Sure, because scientists have to prove their Big Ideas.  They have to run experiments and submit the results of those experiments to peer review.  Also, they have to know math.

Oracles, on the other hand, don’t need to know math or to prove anything.  If you ask the Oracle a question and her prediction doesn’t come true, it’s not her fault, it’s yours: you misinterpreted her.  

Take King Croesus, he of rich-as-Croesus-fame, who in the hey-day of Oracles, in the sixth century BC, asked the Delphic Oracle:  “Should I make war on the Persians?”

“Do so,” said the Oracle, “and a mighty empire will be destroyed.”  

“Aha!” said Croesus, “Mission Accomplished!” And off he went to what he thought was certain victory.  It never occurred to him that the mighty empire to be destroyed was his.  

Big Idea #1:  Croesus was stuck in the wrong thought frame.  

A thought-frame is like a mind-set or a paradigm: an integrated set of assumptions that tells us who we are, what we’re doing here and how we fit into the universe.  Whew, now that we’ve got that settled, we can concentrate on more important things, like “The Real Housewives of Beverly Hills,” think pieces on “The Real Housewives of Beverly Hills,” and the Home Shopping Channel featuring clothing lines by "the Real Housewives of Beverly Hills.”

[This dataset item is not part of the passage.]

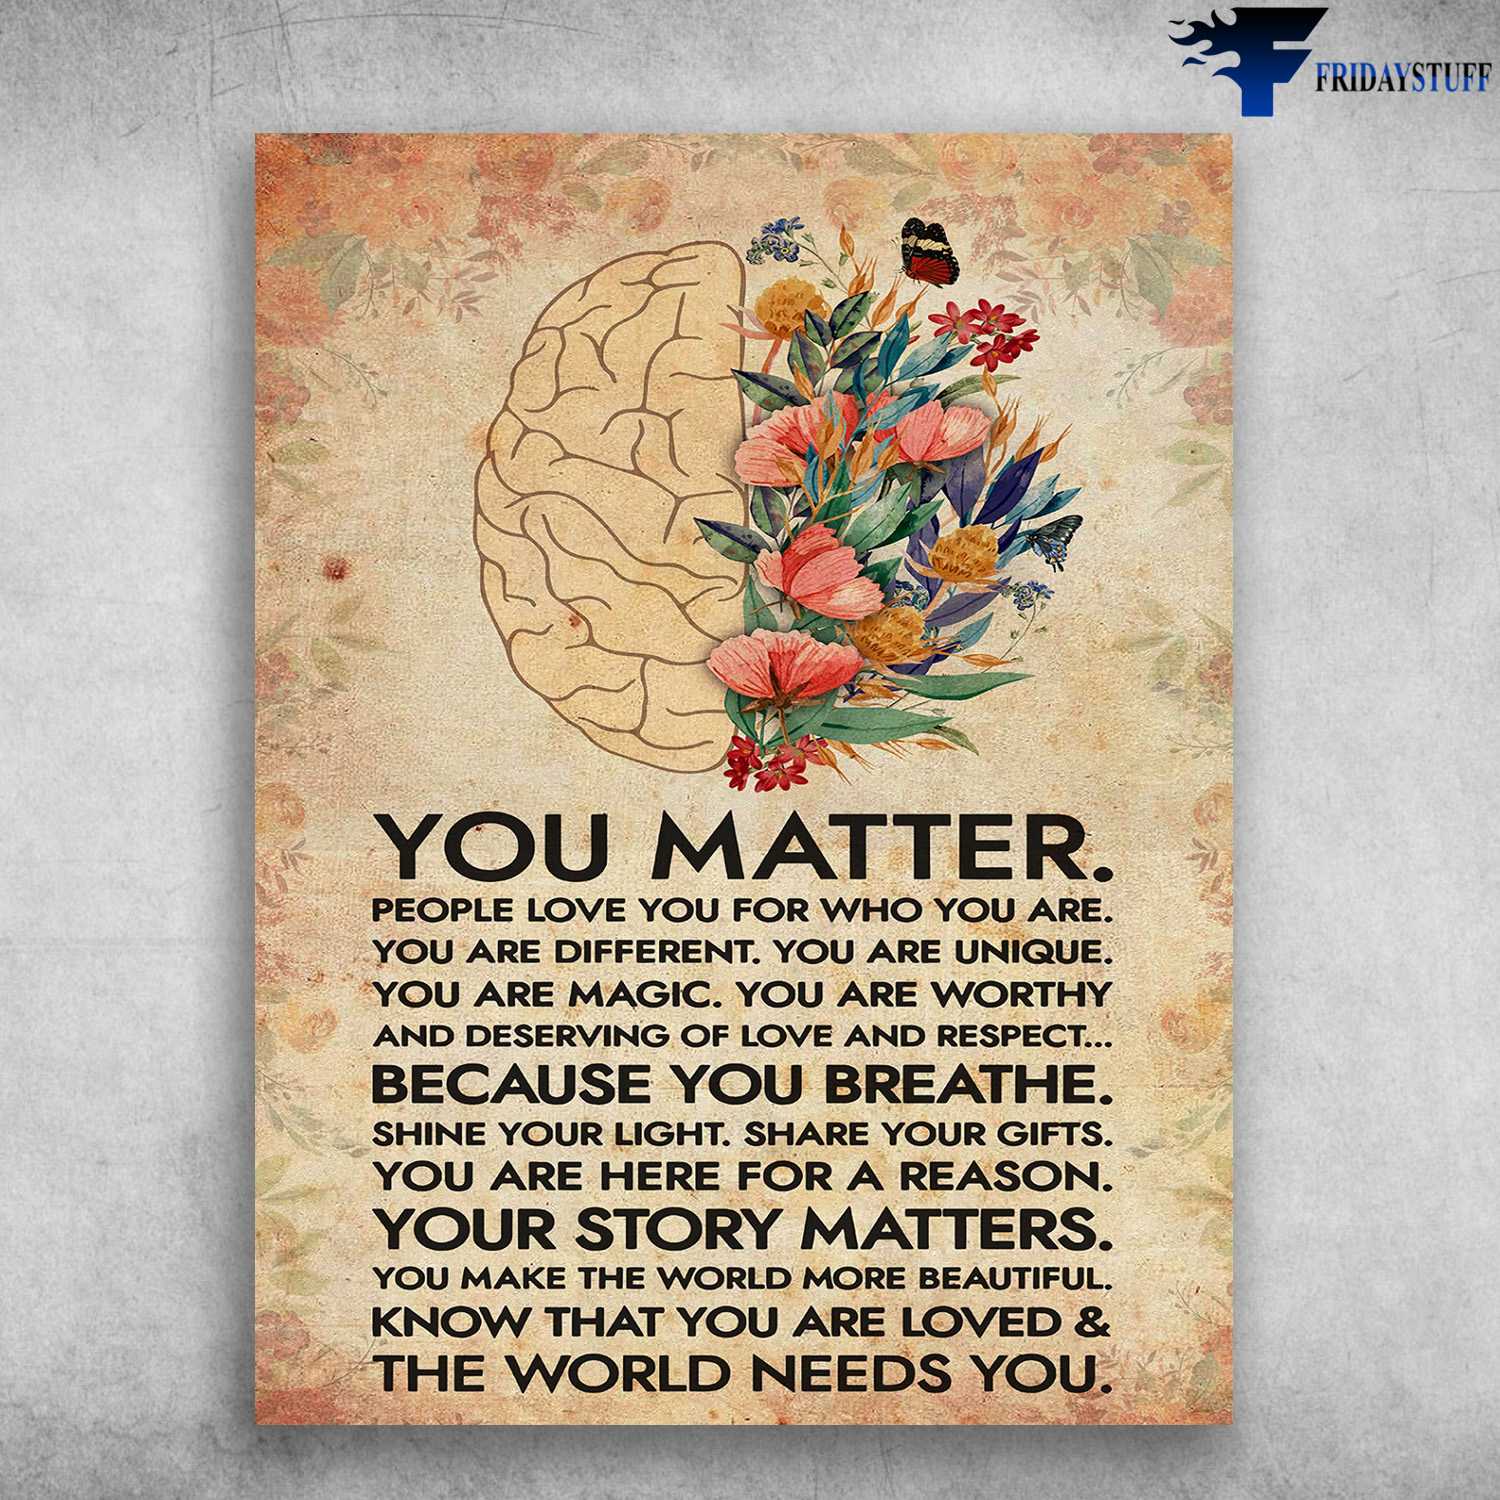 Beautiful Mind, You Matter, People Love You For Who You Are, You Are Different, You Are Unique, You Are Different, You Are Unique, You Are Magic, You Are Worthy, And Deserving Of Love

After a while though, we forget that the thought-frame is based on assumptions; we think it’s actual reality.  It hardens into ideology. So when things change and new information challenges “the way things are”, we perceive it as a threat.  To our identity. To our integrity. To everything we were taught to believe.

What ensues is something called “Paradigm Paralysis.”  In the face of change, people deny the new information; they cling to old certainties.  They look backwards.  Towards the Founding Fathers.  Towards the Bible.  Towards Ayn Rand, for crying out loud.  Gripped by fear of uncertainty, we lose our most precious asset, our imagination.  We can no longer imagine a future, how we might adapt to change, how things could be.

Sound familiar?   

Big Idea #2:  America has paradigm paralysis.   

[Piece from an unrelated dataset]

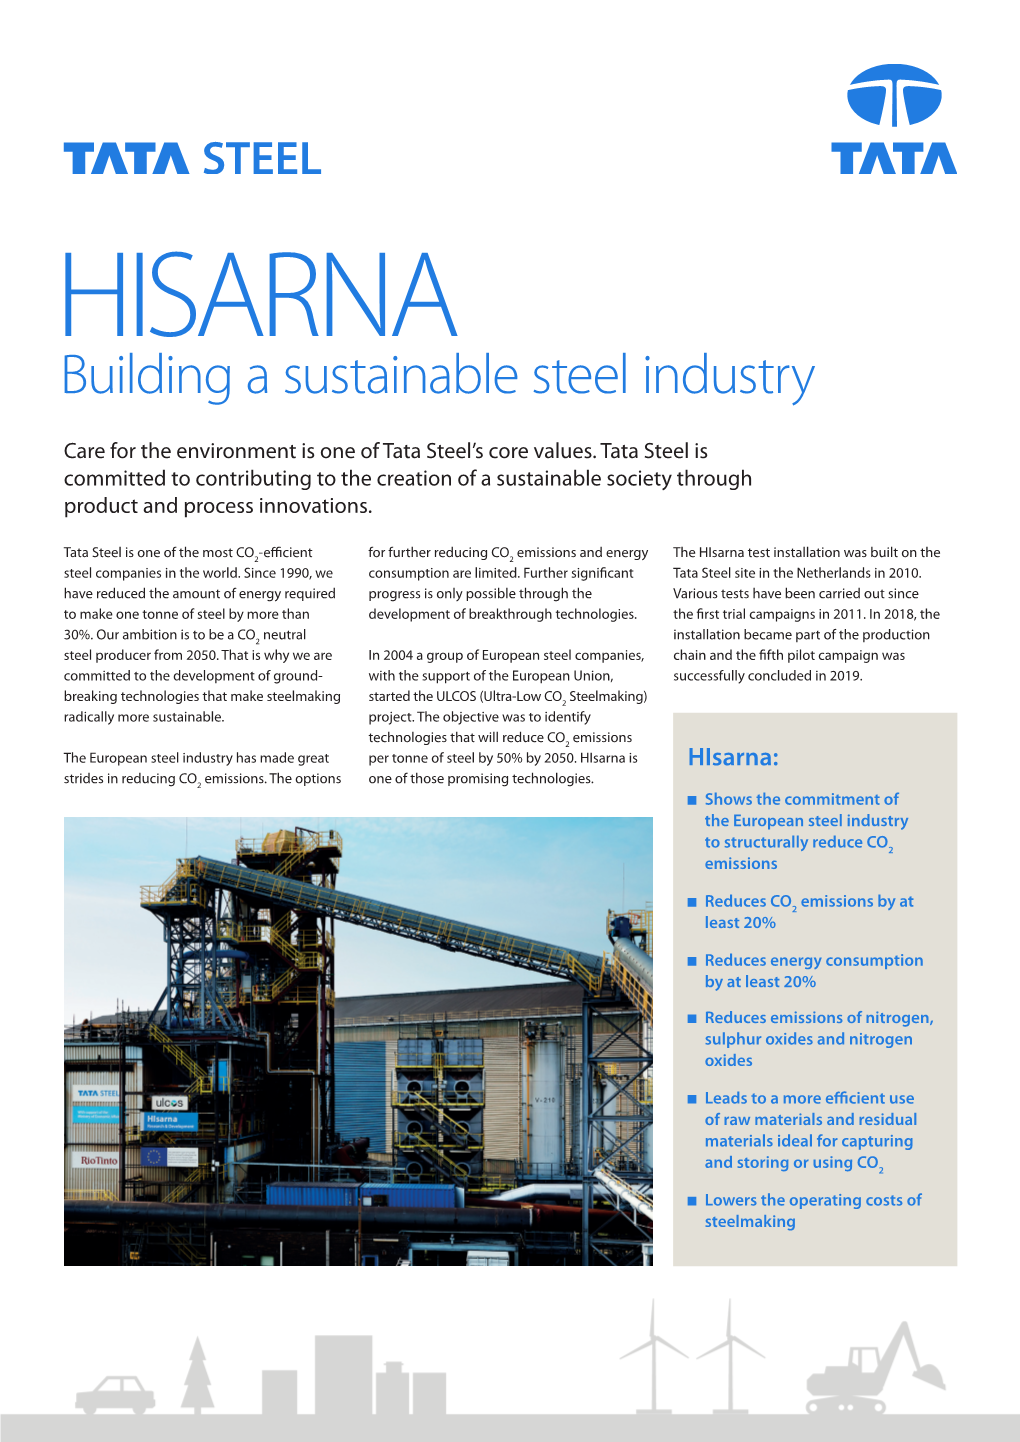 Building a Sustainable Steel Industry

So now you know why I became an Oracle.  Not for fame and fortune, although, I am currently seeking Oracle representation.  What could be more interesting than a woman who lives in a cave with a natural gas deposit whose fumes send her into a state of altered consciousness from whence she derives her hazy visions of the future and whose lover is the Sun God Apollo?  

Okay, maybe not that interesting and anyway, I live in Inverness where the Sun God rarely makes an appearance and all I’ve got going for me in the trance-inducing department is the new book – any book – by Jonathan Franzen.  

Absent those perks, it’s all about the mission: using jokes, tweets, predictions and, most especially, Big Ideas to move America beyond its paralysis and into a new thought frame called Emily’s Universe.